**Data segment**
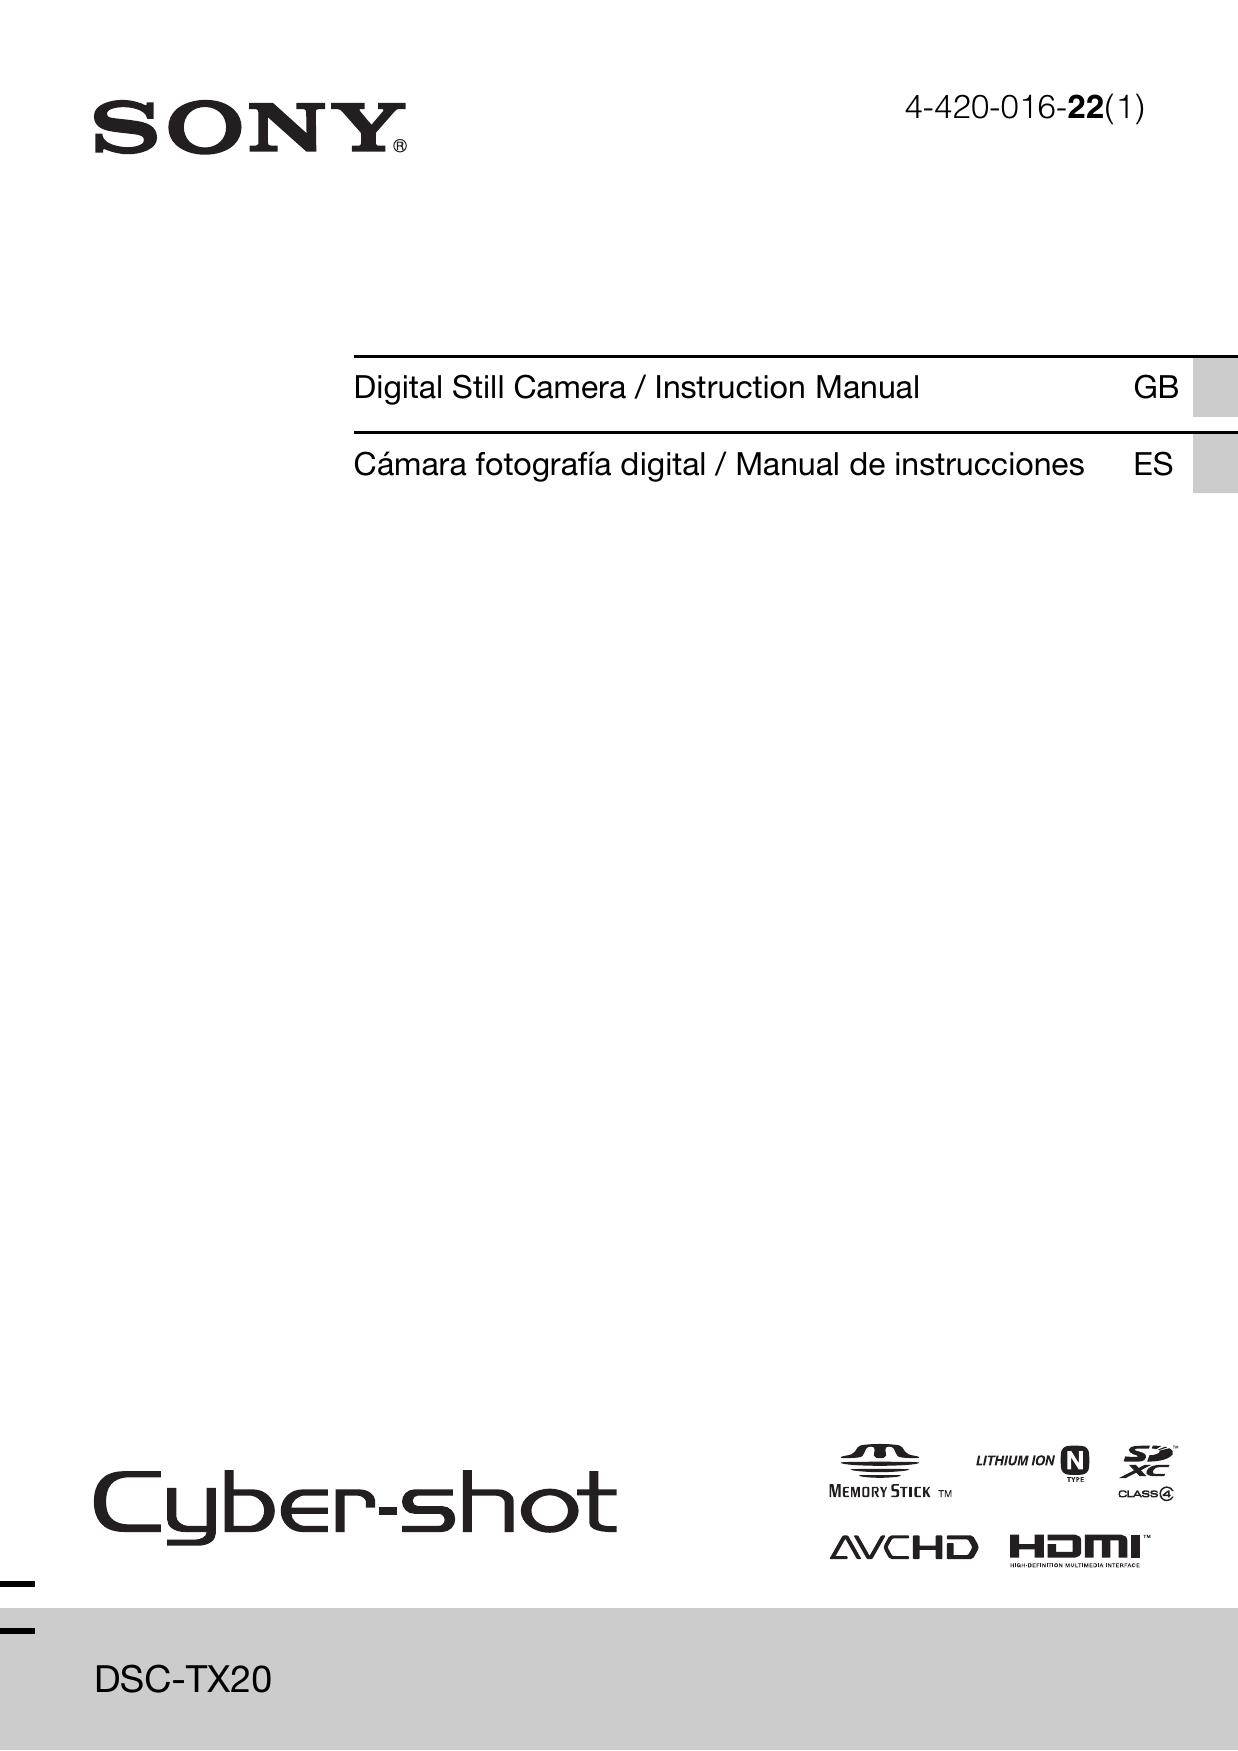 Sony 4-420-016-22(1) Digital Camera User Manual
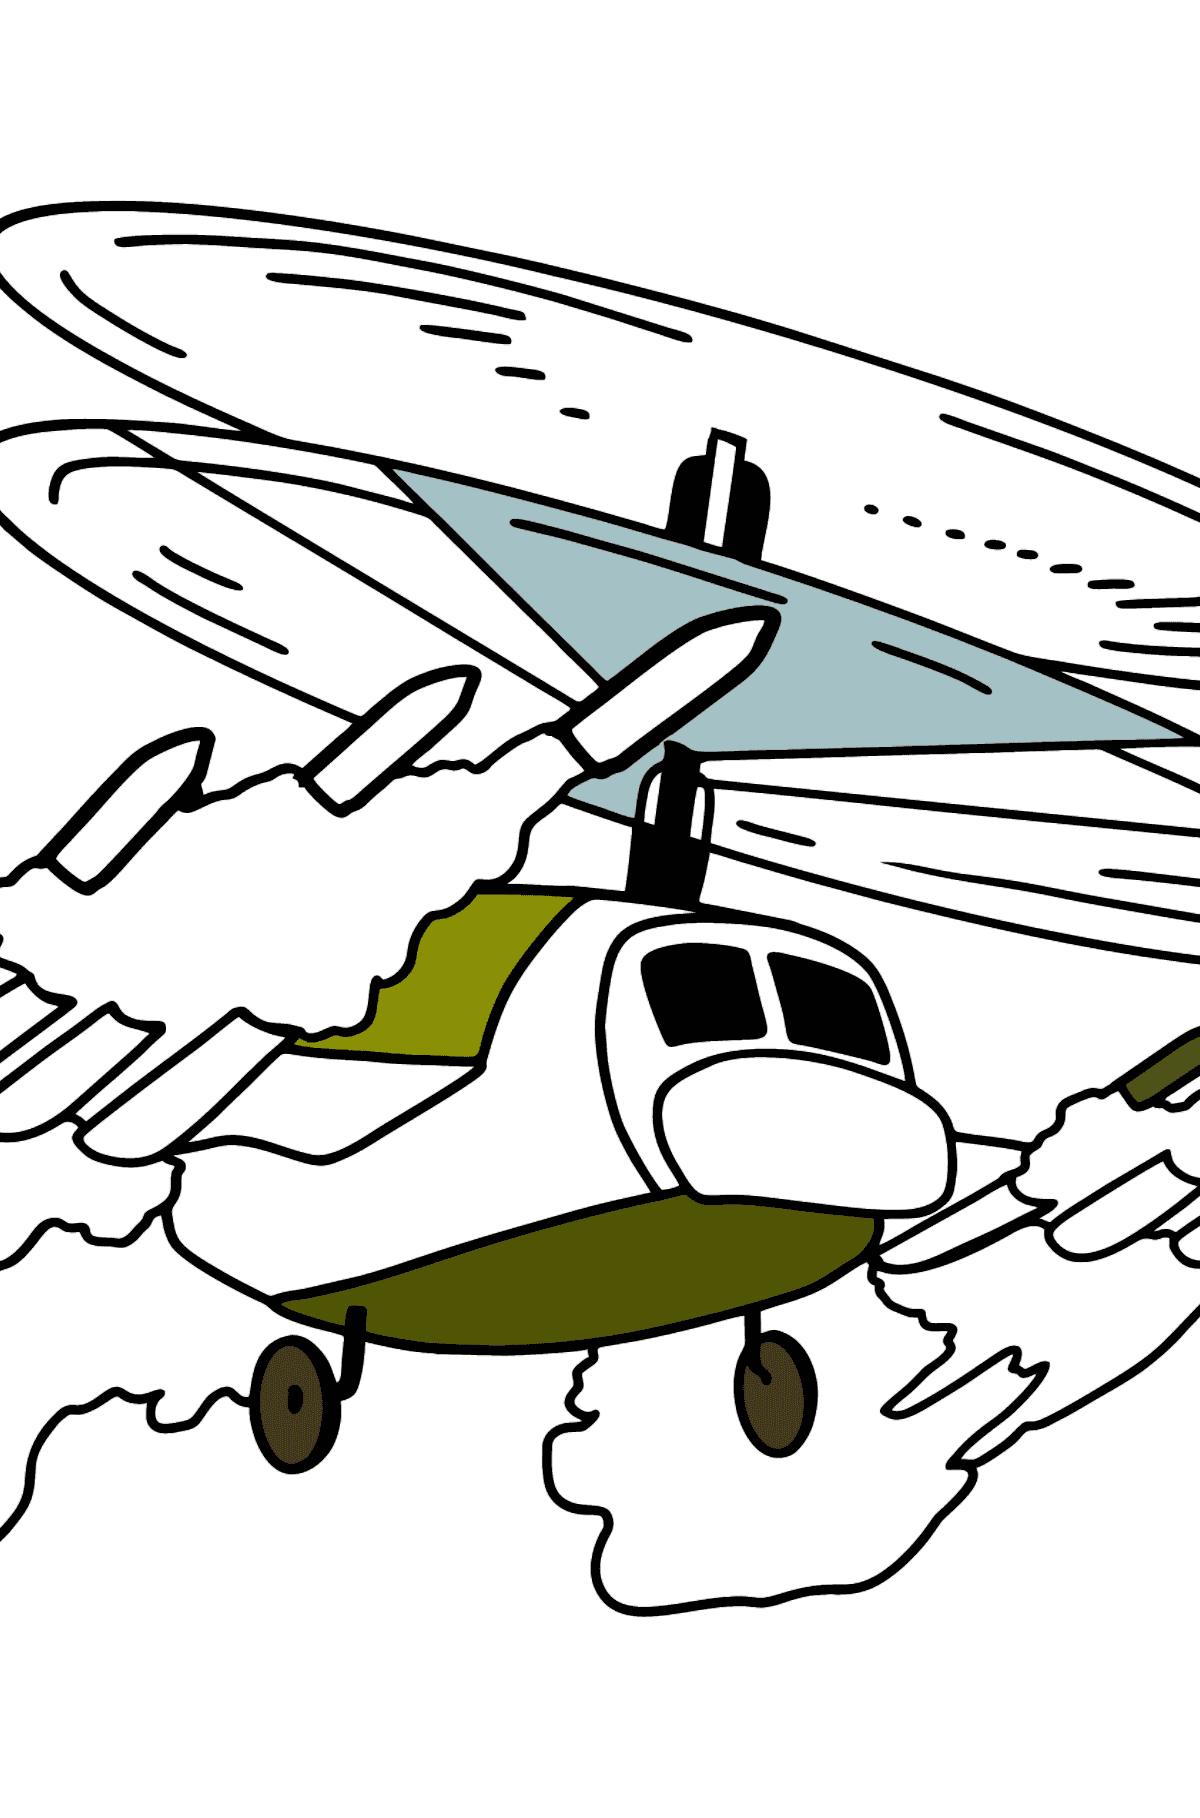 Dibujo para Colorear - Un Helicóptero Militar - Dibujos para Colorear para Niños
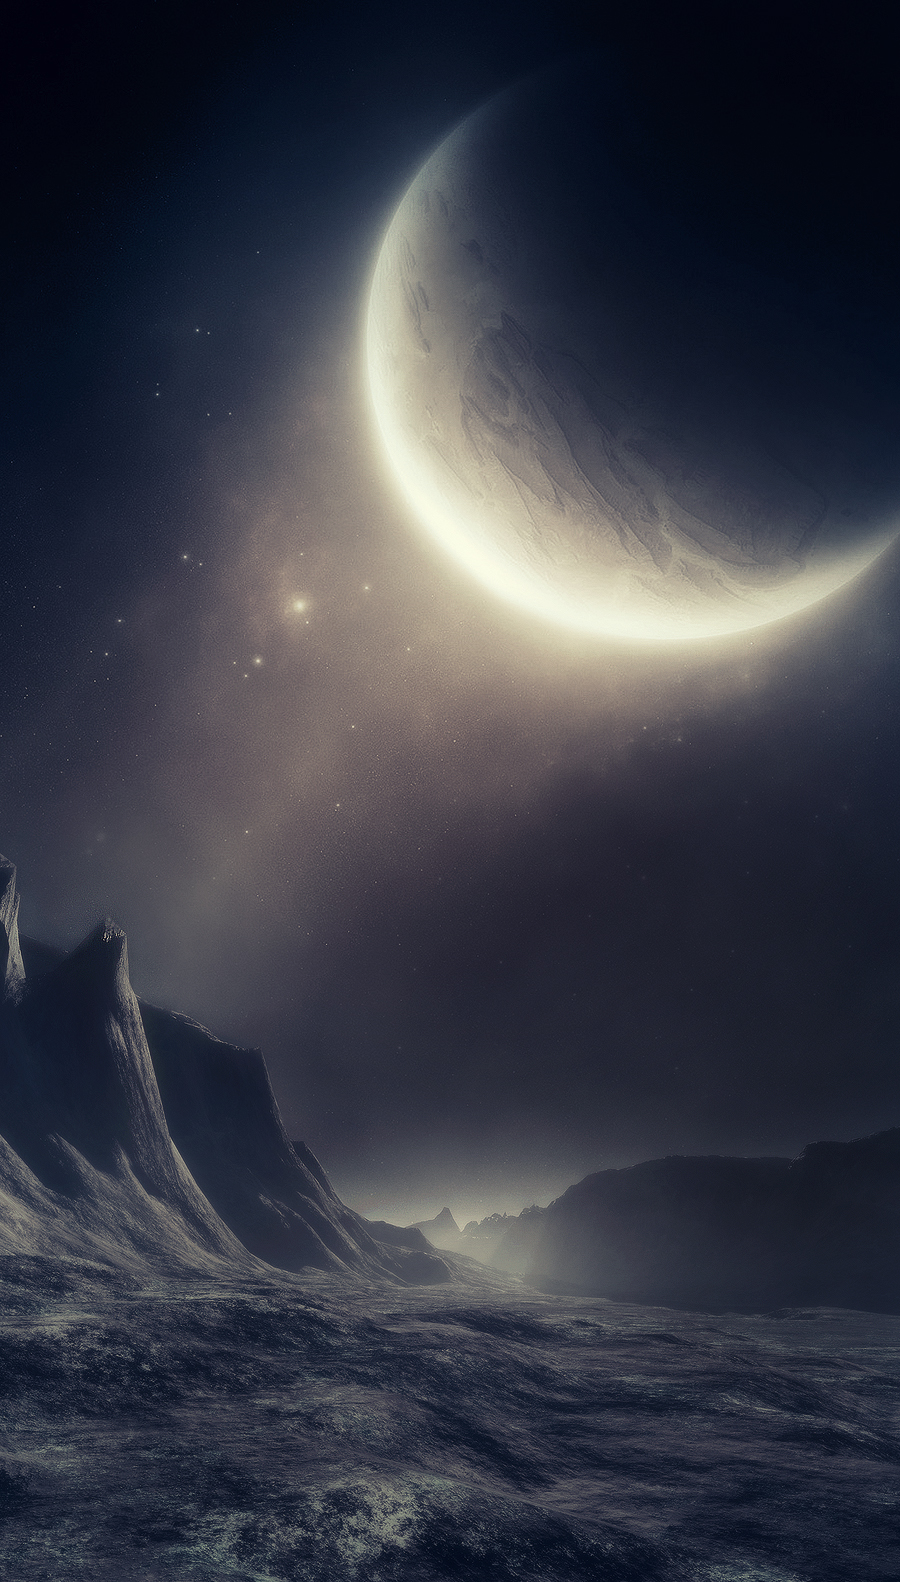 Moonrise - 2.Líbánky

**Work item**
Please copy the data shown above precisely, leaving the images out.

**Result**
 Sony 4-420-016-22(1) Digital Camera User Manual
 Dibujo para Colorear - Un Helicóptero Militar - Dibujos para Colorear para Niños
 Moonrise - 2.Líbánky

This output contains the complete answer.